— Exercise data —

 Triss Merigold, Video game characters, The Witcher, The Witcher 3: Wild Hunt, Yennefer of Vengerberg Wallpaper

...

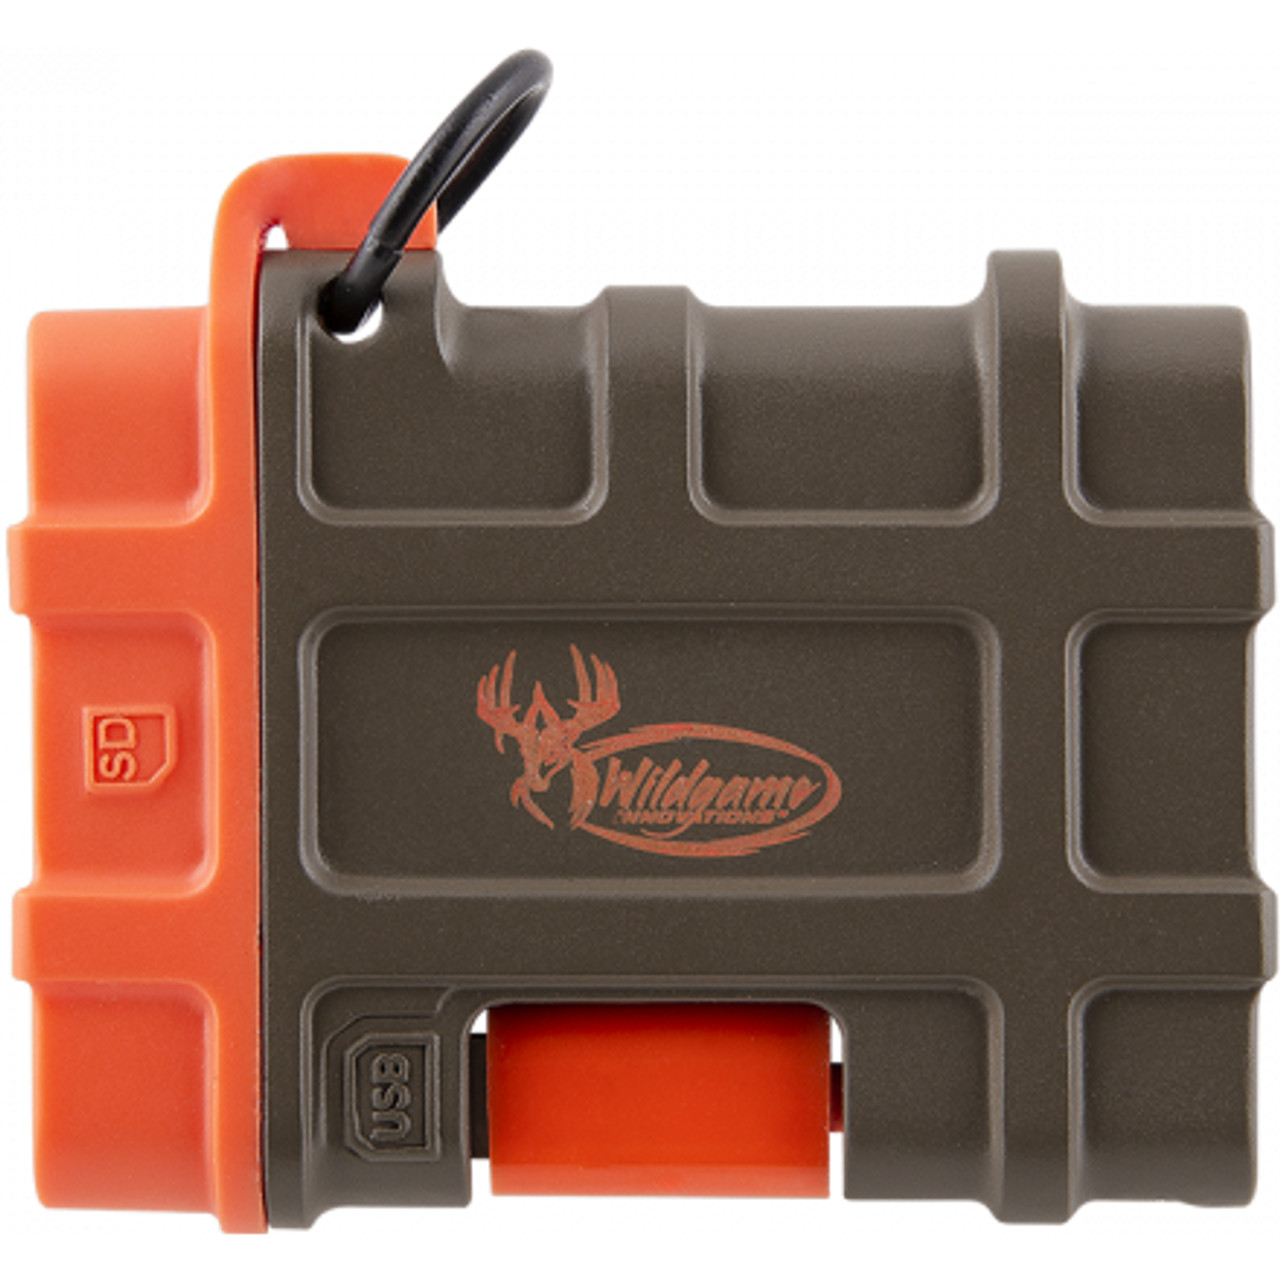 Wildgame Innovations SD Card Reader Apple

* * *

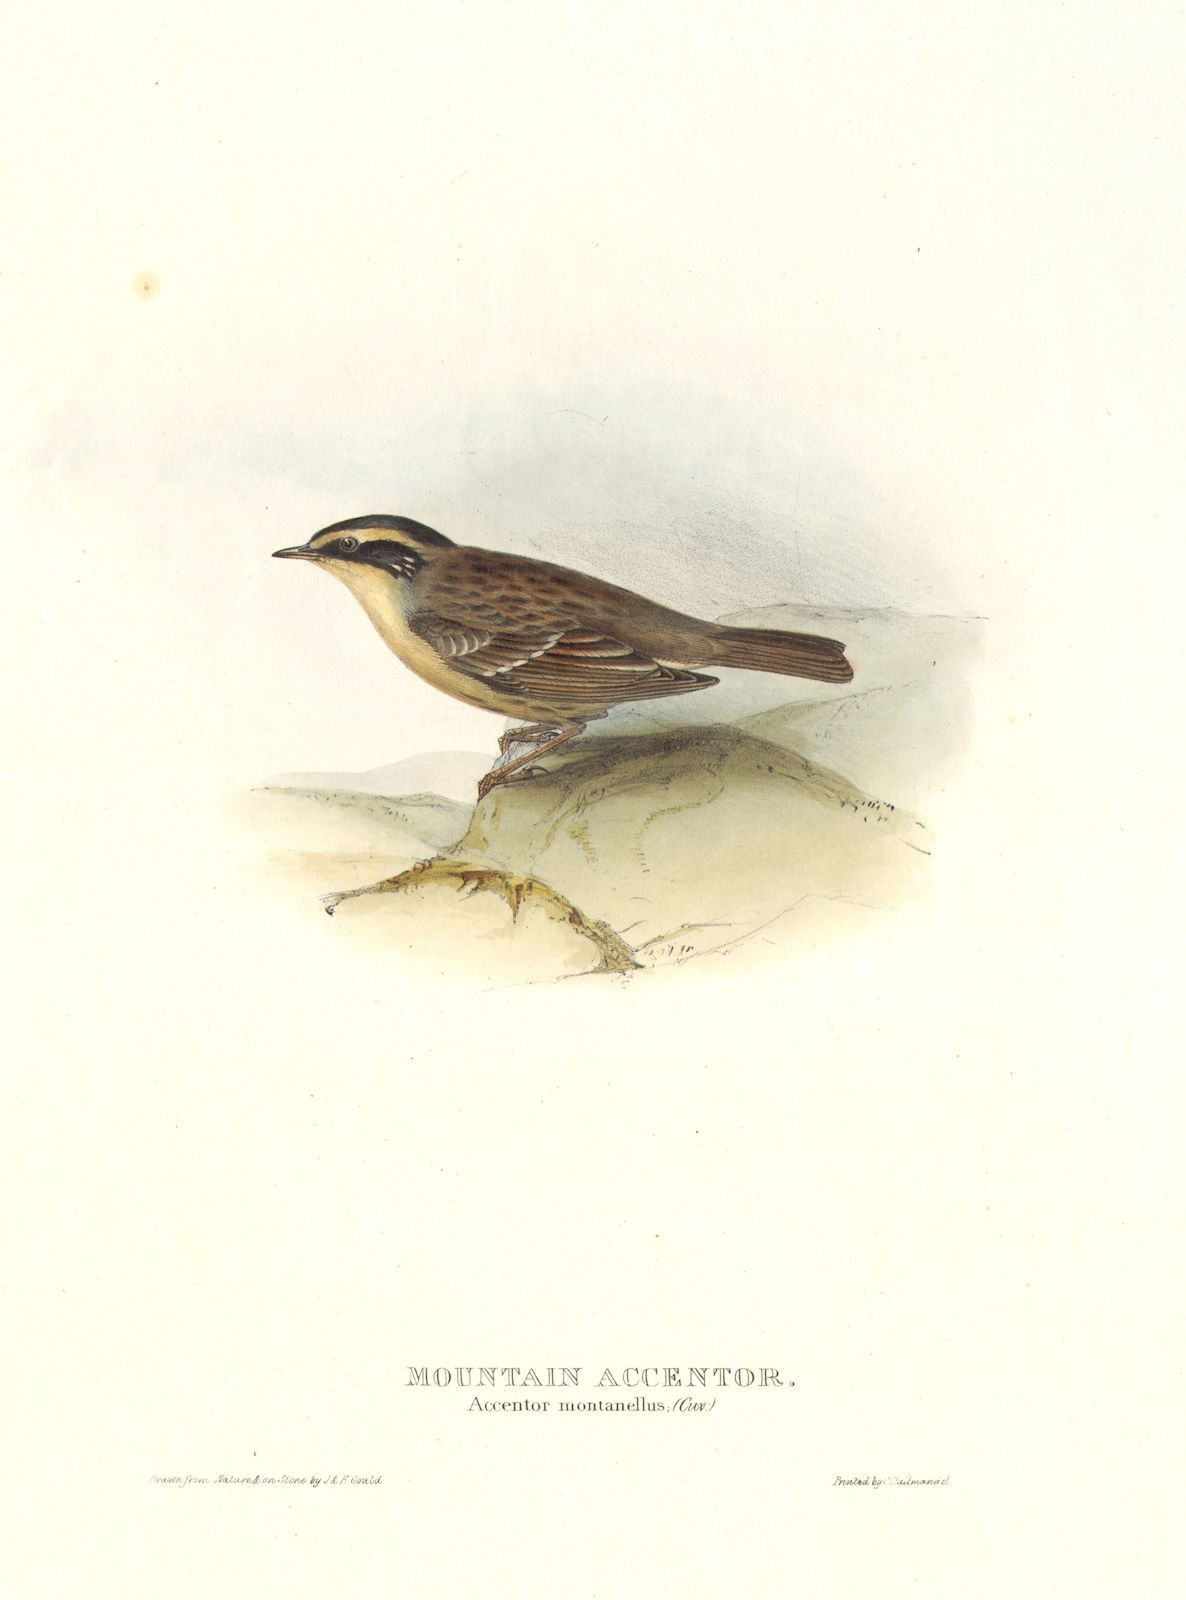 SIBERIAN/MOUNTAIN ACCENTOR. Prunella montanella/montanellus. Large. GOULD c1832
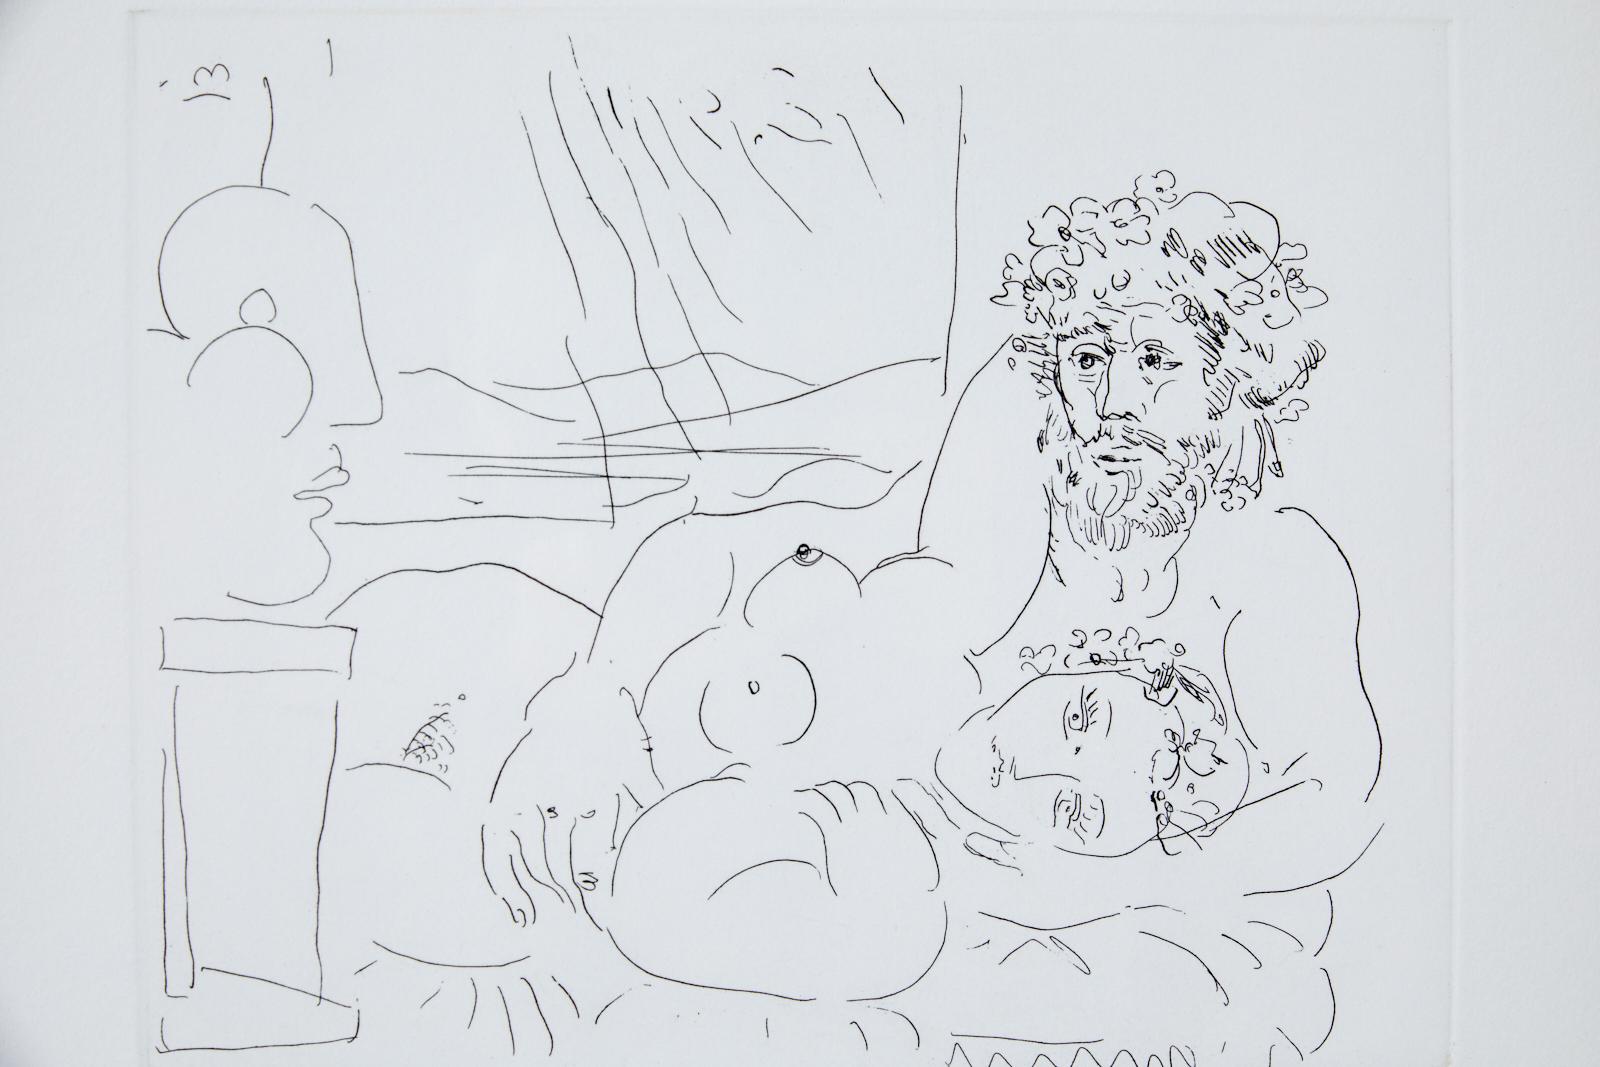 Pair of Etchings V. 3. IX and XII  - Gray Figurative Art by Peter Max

— Exercise requirements —
What lines above run from the one with "SIBERIAN/MOUNTAIN ACCENTOR. Prunella" to the one with "Pair of Etchings"? Give them again exactly, ends included, and leave the pictures out.

— Response to the task —
 SIBERIAN/MOUNTAIN ACCENTOR. Prunella montanella/montanellus. Large. GOULD c1832
 Pair of Etchings V. 3. IX and XII  - Gray Figurative Art by Peter Max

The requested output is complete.